Commentary: What to make of the restart in Russia-Ukraine ceasefire negotiations
Securing a prisoner swap agreement marks progress but big gaps remain on core conflict issues, says an international relations observer.

PYEONGTAEK, South Korea: Last week, Russian and Ukrainian ceasefire negotiators met face-to-face for the first time since March 2022. The location for the talks was the same as three years ago, some of the negotiators were the same, but the circumstances were vastly different from what they were.
Before, the full-scale invasion was barely a month old, the two sides had already engaged in multiple negotiating sessions, and Russian forces were still marching further into Ukrainian territory. Now, Ukraine has recaptured territory and held Russia to a stalemate through three long years of defence.
The latest talks were over relatively quickly – lasting less than two hours – and while questions abound, the two most common are what happened, and what comes next?
To answer those questions, it is first important to understand Russian behaviour vis-a-vis the restarted talks. The Kremlin has shown a bad faith approach to the resumption of ceasefire negotiations.
RUSSIA’S NEGOTIATION STRATEGY
Russian President Vladimir Putin regime waited until its forces had recaptured most of occupied Kursk before signalling its willingness to talk face-to-face with the Ukrainians. The unspoken truth was that this was to take Kursk off the table and to strengthen the Russian negotiating position.
Putin then called for a temporary ceasefire; however, unlike the Ukraine-proposed comprehensive 30-day ceasefire, it was for only three days. Rather than indicating a sincere willingness to stop the bloodshed from the conflict, the Kremlin’s unilateral declaration was tied to its Victory Day march in Moscow, a move assuredly aimed at mitigating risk to the proceedings.
During his closing speech to the Victory Day festivities, Putin called for negotiations to begin on May 15 in Istanbul. He did not identify who the Russian negotiating team would be or what they would seek to achieve. From a basic negotiating standpoint, this was a move designed to take the initiative in the ceasefire negotiation process without committing to anything.
Along the way, Russia has repeated its maximalist positions – the same terms it has parroted since 2022.
These include things like Ukraine staying out of NATO; Ukraine’s “neutral and non-aligned status”; recognition of Russian sovereignty over Crimea, Donetsk, Luhansk, Zaporizhzhia, Kherson and Sevastopol; imposing “anti-Nazi” provisions in Ukraine; and forcing the Russian language to be included as an equal in Ukraine, among others.

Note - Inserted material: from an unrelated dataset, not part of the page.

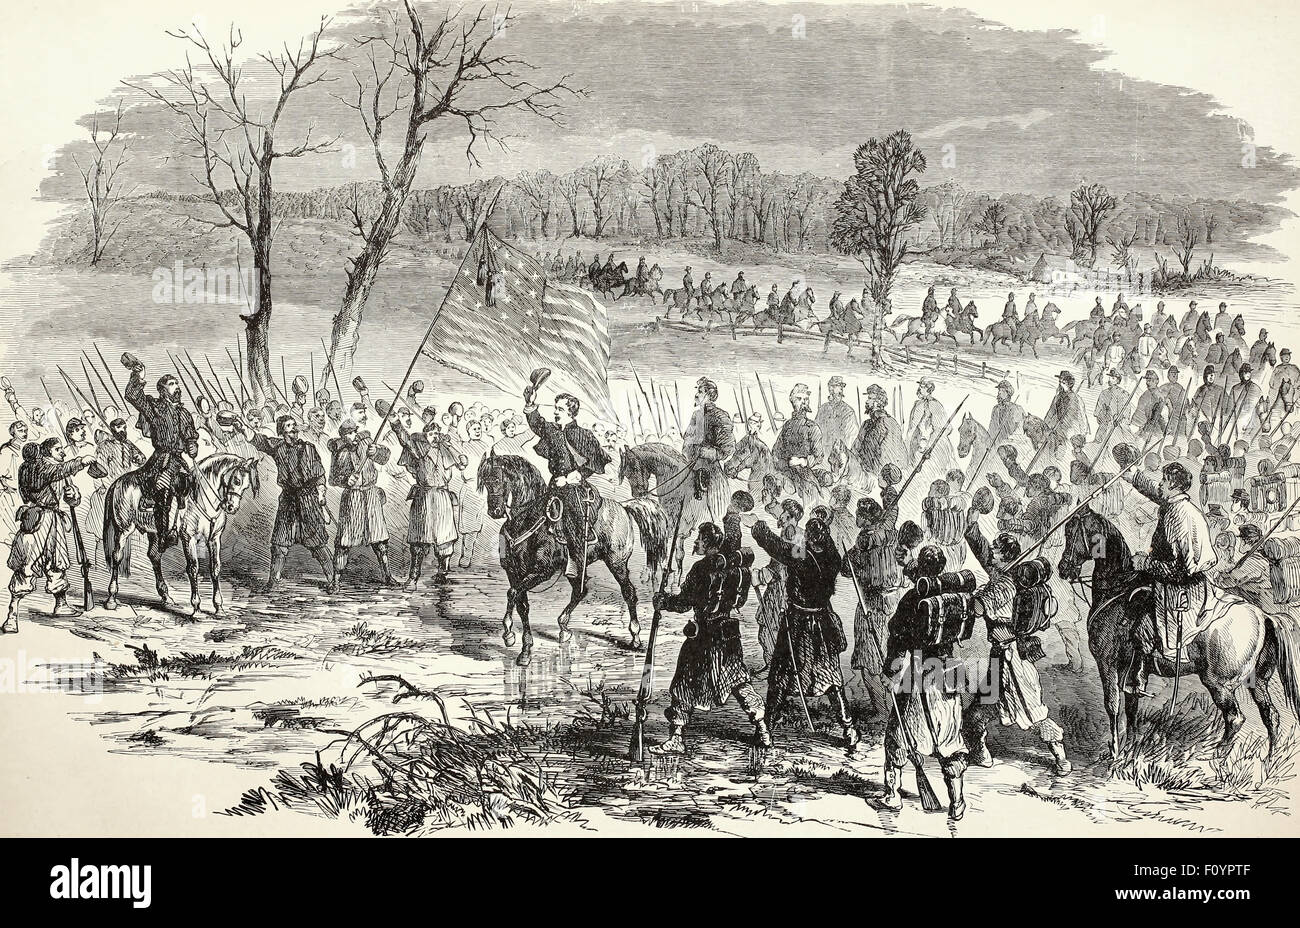 Arrivo del generale McClellan, 5 aprile 1862 a prendere personalmente il comando dell'esercito federale nel suo avanzamento a Yorktown, Virginia - dimostrato entusiasta accoglienza da parte delle truppe Foto Stock

OUTCOME OF THE NEGOTIATION
Eventually, the Kremlin picked Vladimir Medinsky to reprise his role as lead negotiator. Medinsky served in the same role for ceasefire talks from March to May 2022, signalling the Kremlin’s attempt to pick up where they left off three years earlier when Ukraine was in a much more dire position.
Such was the setting for the latest Istanbul talks. Ukrainians assumed that Medinsky would not be coming into the latest negotiation with authority to do much, so they focused on three core objectives for the talks.
Defence Minister Rustem Umerov represented the Ukrainian side in working to secure a 30-day ceasefire, an all-for-all prisoner of war exchange and a meeting between Presidents Volodymyr Zelenskyy and Putin.
Predictably, Medinsky used the session to repeat Russia’s maximalist demands. He rejected the 30-day ceasefire and later remarked that “war and negotiations have always happened at the same time.”
Despite the two sides being far apart on broader issues, they did manage to come to some agreements. Most notably was securing a 1,000-for-1,000 prisoner of war exchange, which is progress on a key focus area for the Ukrainian Peace Formula.
They also agreed to exchange their respective lists of positions vis-a-vis the ceasefire and, importantly, that the two sides will meet again.
UKRAINE’S MISSED OPPORTUNITIES
While any progress is better than no progress, there were missed opportunities.
First, Ukraine and its partners could have anticipated that Russia would reject the 30-day ceasefire proposal and had some form of punitive response prepared. While many have decried the Russians for prolonging the killing, the behaviour will go unchecked until there are additional costs imposed.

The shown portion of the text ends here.